EMA Says AstraZeneca’s COVID-19 Vaccine Safe

AstraZeneca’s COVID-19 vaccine is “safe and effective” and should continue to be used, the European Medicines Agency announced today after a review of concerns about blood clotting.

But the agency said it could not rule out a link with two rare blood clotting diseases seen in 25 people who received the vaccine. He added that warnings should be included with the vaccine information provided to doctors and patients. Nine of these people died.

The EU’s Pharmacovigilance Risk Assessment Committee (PRAC) has been asked to review the safety of the AstraZeneca vaccine after more than 20 European countries – including Germany, France, Italy and Spain – discontinued vaccinations following reports of rare bleeding disorders.

After the EMA announcement, Germany, France, Italy and Spain all said they would start using AstraZeneca’s vaccine again.

EMA Executive Director Emer Cooke told a press briefing on Thursday that the committee had seen a reduced overall incidence of blood clots, compared to the general population, in nearly 20 million people with received the vaccine so far in the world.

“The committee came to a clear scientific conclusion,” she said. “It is a safe and effective vaccine.”

But PRAC chairperson Sabine Straus said experts were unable to rule out a link with 18 cases of a condition called cerebral venous sinus thrombosis (CVST) and seven cases of disseminated intravascular coagulation (CID ), both observed with reduced blood. platelet count. In CVST, clots can prevent blood from flowing from the brain, causing bleeding.
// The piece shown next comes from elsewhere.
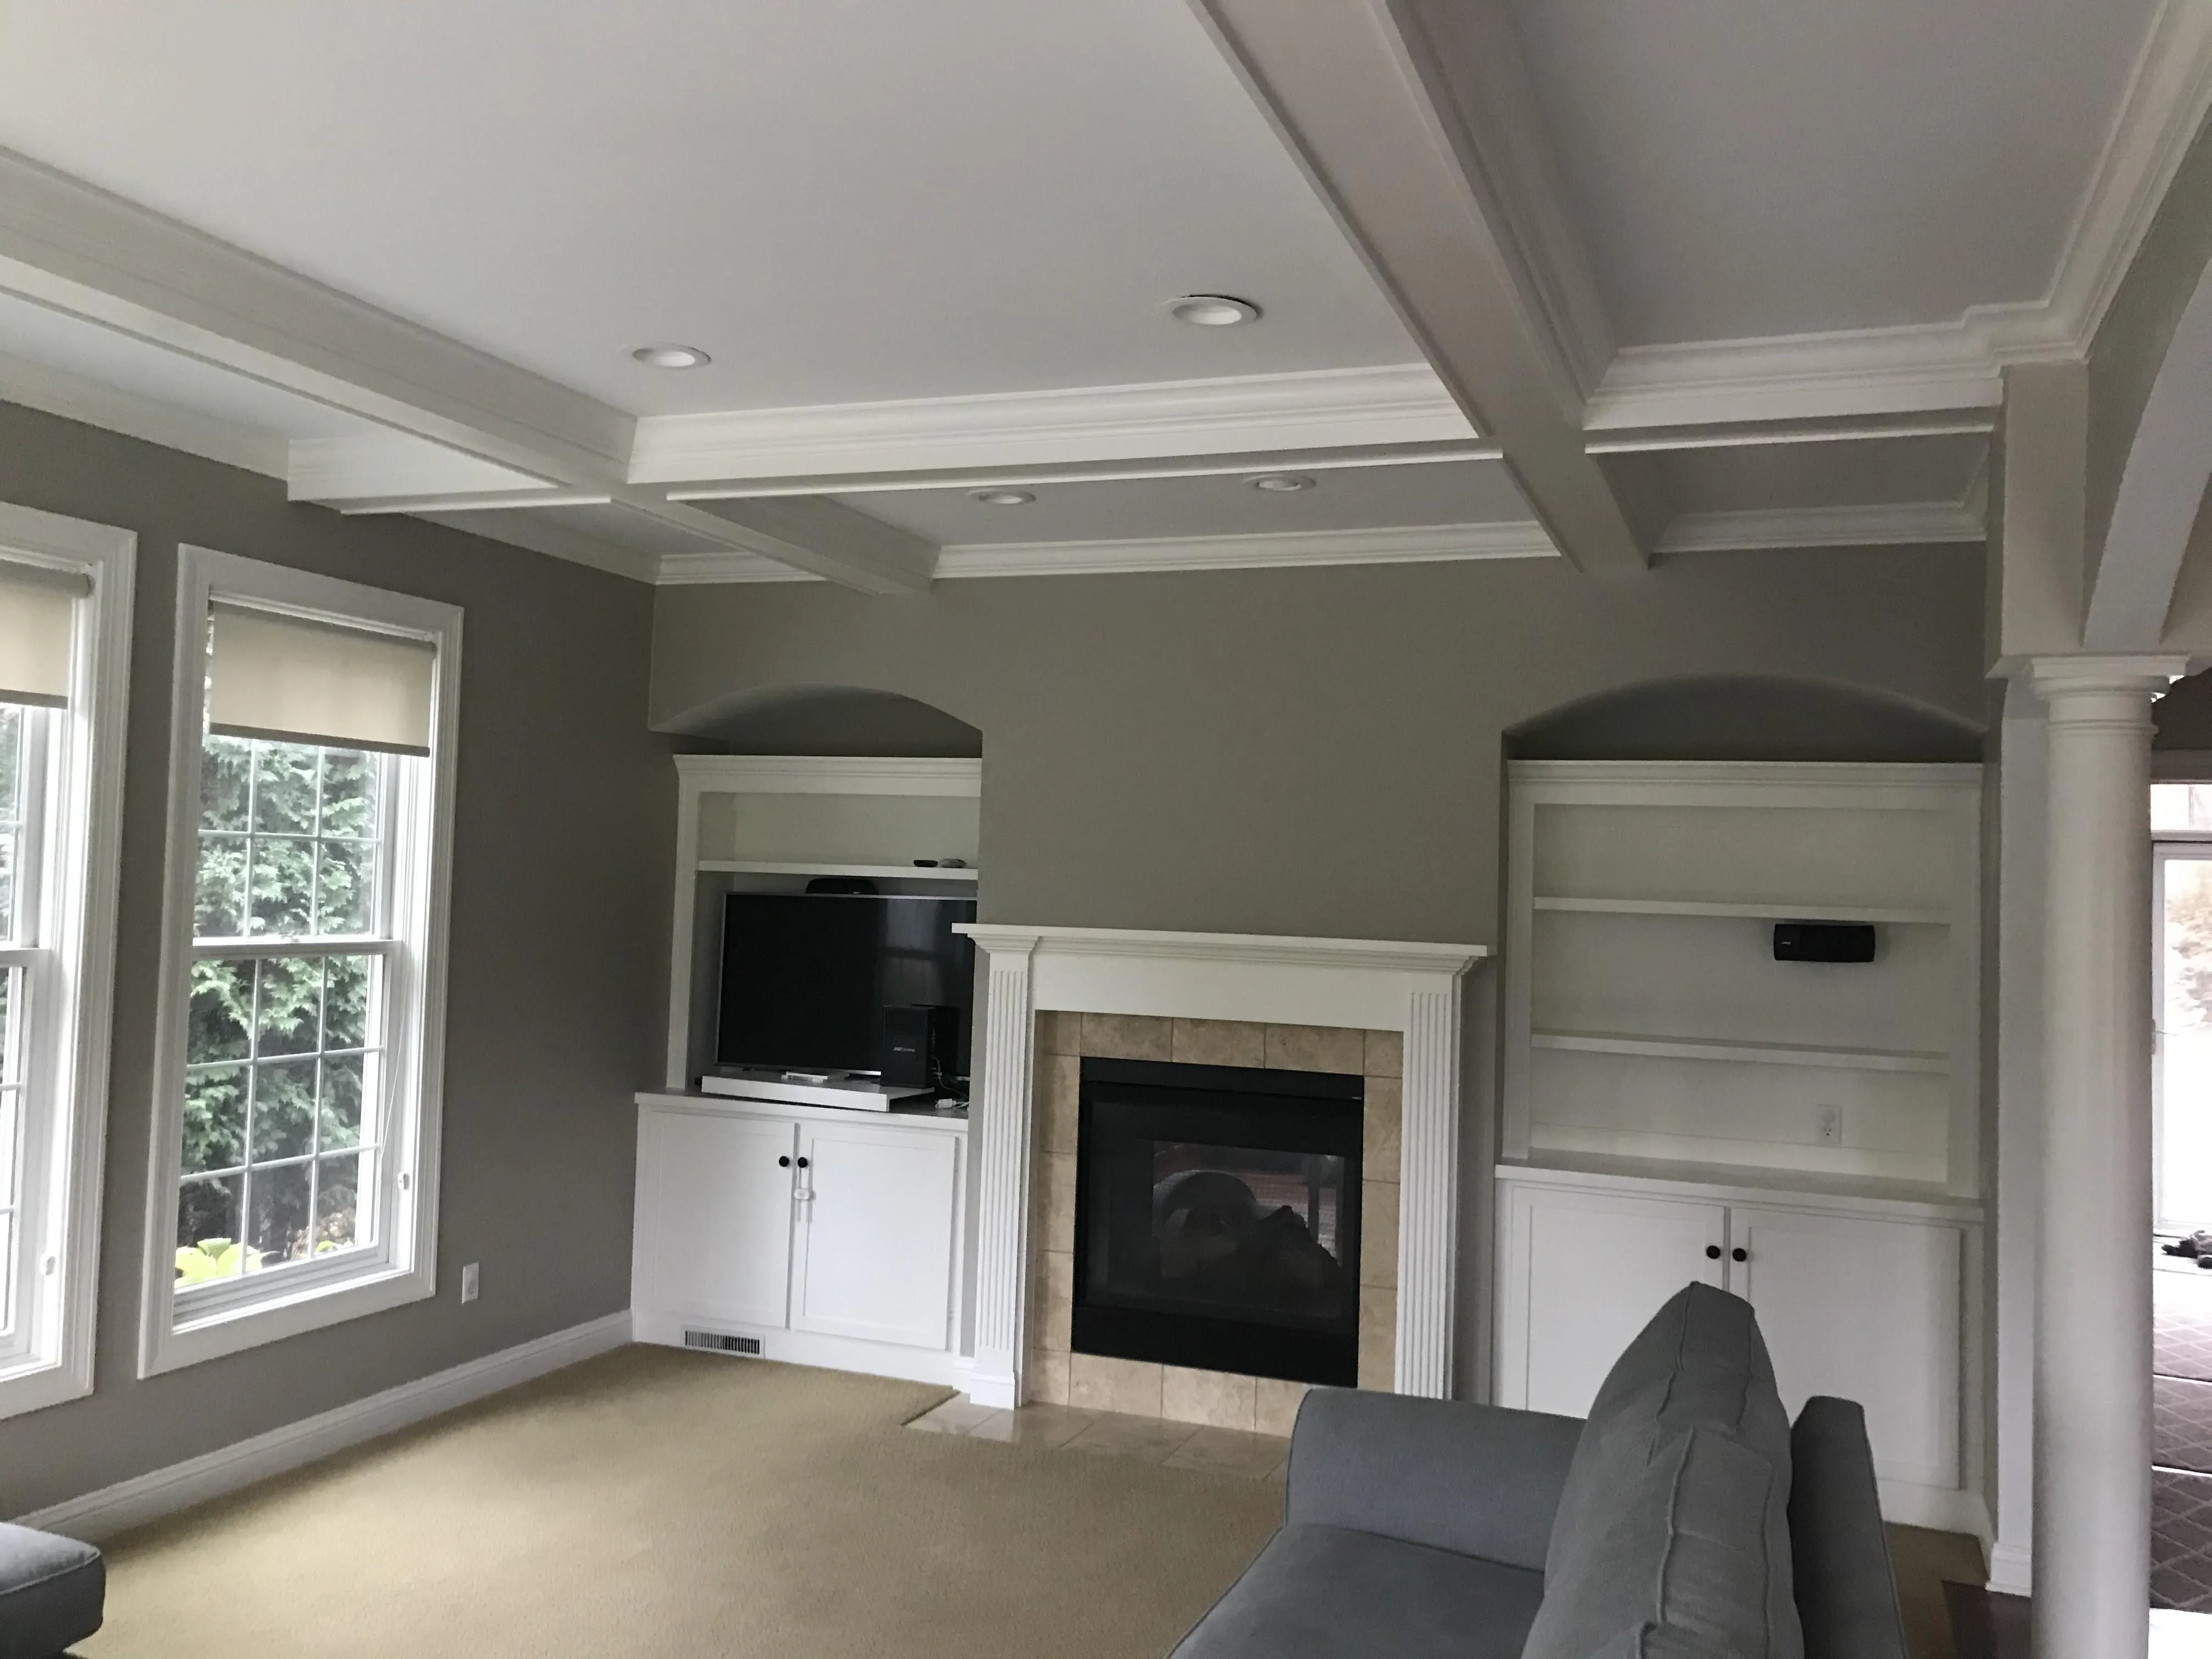 Interior Painting for Pirrung Painting in Sheboygan, Wisconsin

DIC is a condition in which clots form in many small blood vessels throughout the body, which could lead to serious organ damage.

The EMA will continue to investigate these incidents and possible links to the vaccine. But Cooke stressed that the benefits of the AstraZeneca vaccine in protecting people from COVID-19, which currently kills thousands of Europeans every week, far outweigh any risk of clotting.

“So what the committee recommended is to educate the public,” she said.

Some experts had speculated that the clotting incidents were linked to particular batches of the vaccine, but Straus said the EMA did not support this theory. “The PRAC found no evidence of a quality or batch problem,” she said.

On Thursday, the White House confirmed reports that the Biden administration would ship 2.5 million doses of the AstraZeneca vaccine to Mexico and 1.5 million to Canada. These injections will come from existing national supplies awaiting FDA clearance, which could come as early as next month after the end of a major trial of the vaccine in the United States.

The move follows a request for doses from Mexico earlier this week. Biden had told reporters on Thursday that the United States was considering shipping excess doses overseas once the national vaccination was completed. Senior FDA official Peter Marks testified in Congress on Wednesday that his agency was concerned about exporting too many excess doses in case vaccine immunity was short-lived and the population needed booster shots. American.

Others have speculated whether AstraZeneca’s vaccine will create more problems in the United States, as anti-vaxxers grabbed hold of the problems when it was rolled out.

“Does he really have a niche to fill? Would it be reliable enough? Or is it going to be just another headache? John Moore, a virologist at Weill Cornell Medical College in New York who works on vaccine development, told BuzzFeed News earlier this week.